Preparations of m9, m36, and m36.4 were quantified by Coomassie blue staining and gp120/CD4 capture enzyme-linked immunosorbent assay (ELISA). FLSC (CD4-gp120) leached from column was removed by an additional passage over an RSA column. The amount of RSA leached from the column was insignificant.

Although LPS levels were not measured following purification from E. coli, similar antibody fragments purified previously had <10 EU/mg of protein.

Gp120/CD4 binding (capture ELISA)

A sheep antibody, D7324 (Aalto Bio Reagents), which binds to a motif (amino acid 497–511) in the envelope gene gp120, was coated on ELISA plates at 2°C–8°C, at a concentration of 2 μg/ml, overnight. Plates were then washed with Tris-buffered saline with Tween (TBST) and blocked with 5% skim milk. FLSC (a gp120/CD4 complex), at a concentration of 0.2 μg/ml in PBS, was captured on D7324 and the plate was washed with TBST. Titrated samples of m9, m36, and m36.4 solution were overlaid onto the FLSC, incubated for 1 h, and washed with TBST. All antibody fragments bound to FLSC and were detected using the horseradish peroxidase (HRP)-conjugated mouse anti-FLAG antibody (clone M2; Sigma).

Peripheral blood mononuclear cell neutralization assay (p24 assay)

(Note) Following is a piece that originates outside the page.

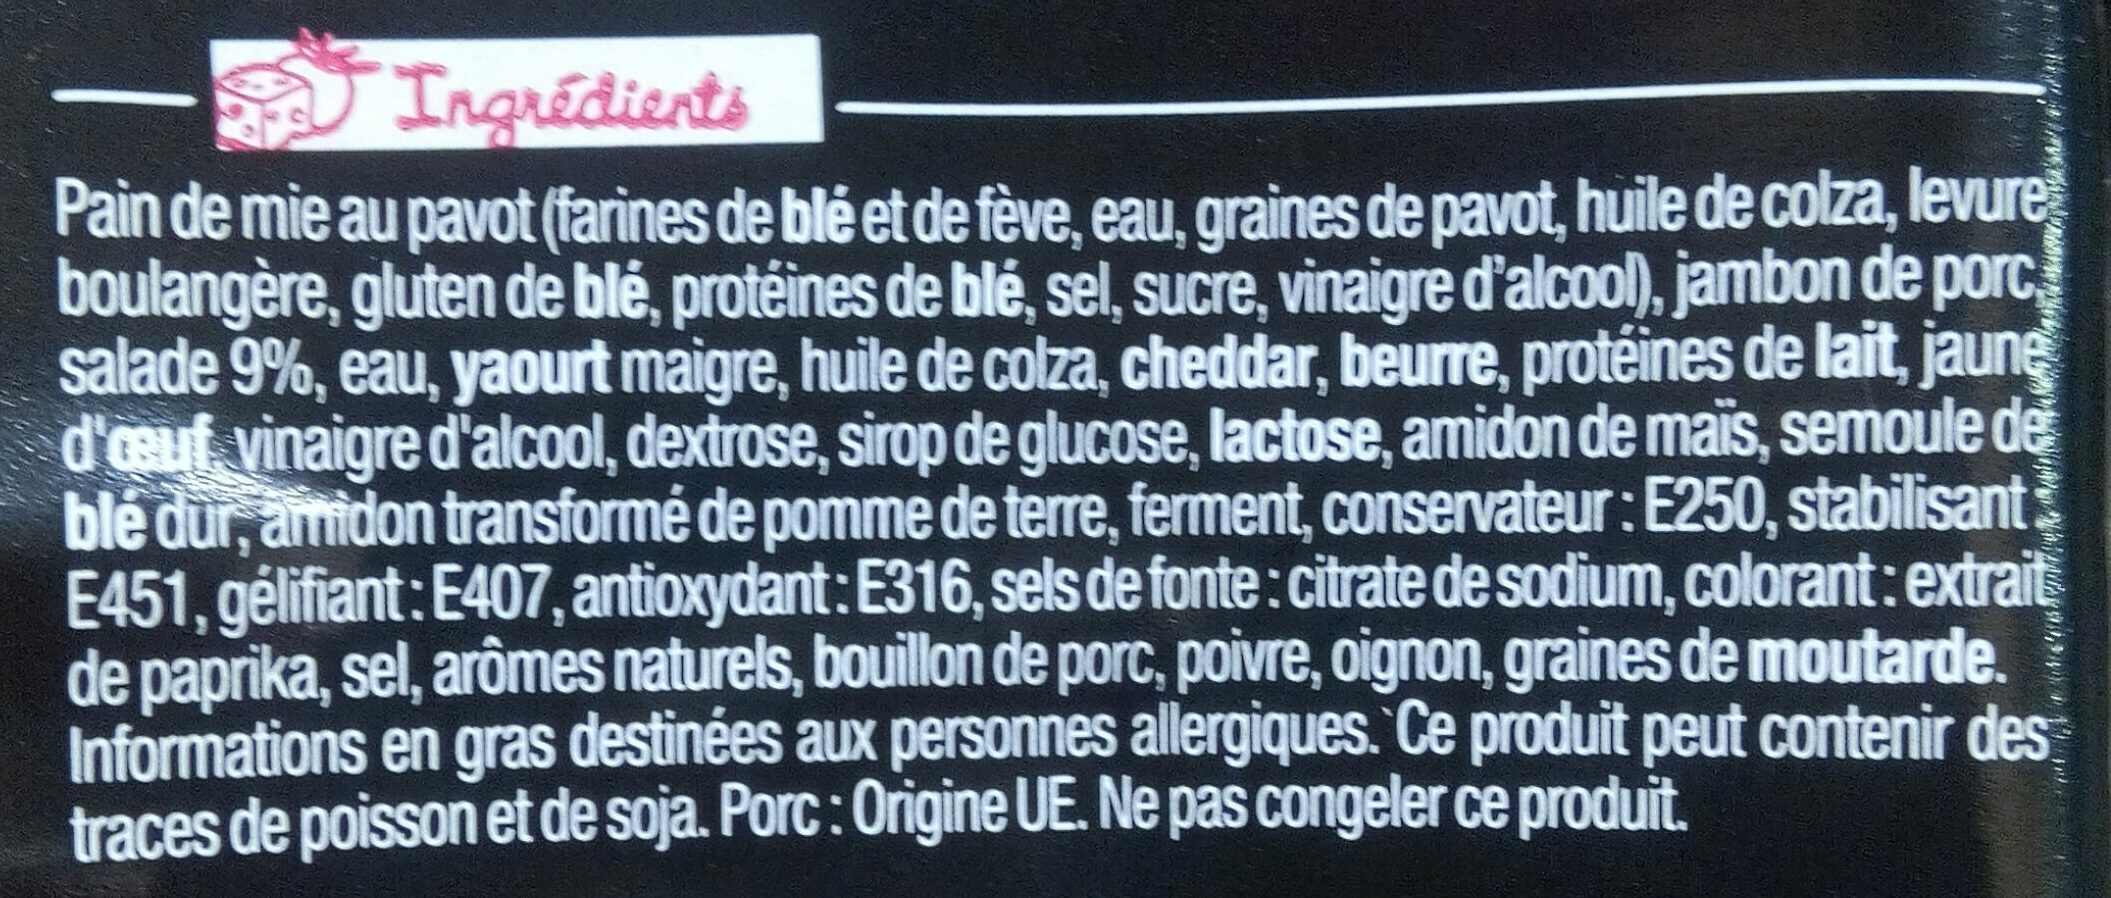 Sandwich Le Gourmand  Club - Jambon Cheddar - Ingrédients

Human peripheral blood mononuclear cells (PBMCs) were purchased from SeraCare Life Sciences, Inc. HIV-1_BaL virus was initially received from the NIH AIDS Reagents Program and later grown by Profectus Biosciences for laboratory use. PBMCs were infected with HIV-1_BaL at a multiplicity of infection of 0.01 in the presence of m36.4 (purified as described above) with desired concentrations. The mixture was incubated at 37°C for 1 week, and the supernatant was lysed using 1% Triton X-100 and quantified for p24 presence by using a p24 capture ELISA developed at Profectus BioSciences, Inc. Plates were coated with 3 μg/ml mouse monoclonal anti-p24 antibody (clone 39/6.14 by ZeptoMetrix) washed with TBST, blocked with 5% casein and 4% rabbit serum, washed with TBST, overlaid with the lysed p24 containing supernatant, incubated for 1 h, and washed with TBST. Bound p24 was detected using the HRP-conjugated rabbit polyclonal anti-p24 antibody (1303-P; ImmunoDX, LLC).

Construction of recombinant L. jensenii 1153-1128

Before insertion of the antibody cassette into the Lactobacillus chromosome, two modifications were made. The two-amino-acid peptide (AP), corresponding to the N terminus of the mature CbsA protein, was inserted downstream of the CbsA signal sequence at the N-terminus of the m36 protein to more closely resemble the native signal peptidase cleavage site of this protein. A point mutation at amino acid 44 glutamine (Q) to glutamic acid (E) Q44E was substituted for the original sequence.¹⁹ This point mutation, also called m36.4, confers greater breadth against HIV-1. The AP-m36.4 gene was cloned into Osel's integration vector.

For stable expression of AP-m36.4 in Lactobacillus, the AP-m36.4 gene expression cassette was integrated in single copy into the L. jensenii 1153 genome by homologous recombination into the minor capsid gene. The recombinant strain was selected by replicate plating into MRS agar with and without erythromycin. During successful integration, resolution of the plasmid occurs, which removes the erythromycin resistance gene. The integrated and resolved strain L. jensenii 1153-1128 contains a single copy of AP-m36.4 gene and requires no antibiotic selection. The recombinant strain L. jensenii 1153-1128 was maintained in the MRS broth.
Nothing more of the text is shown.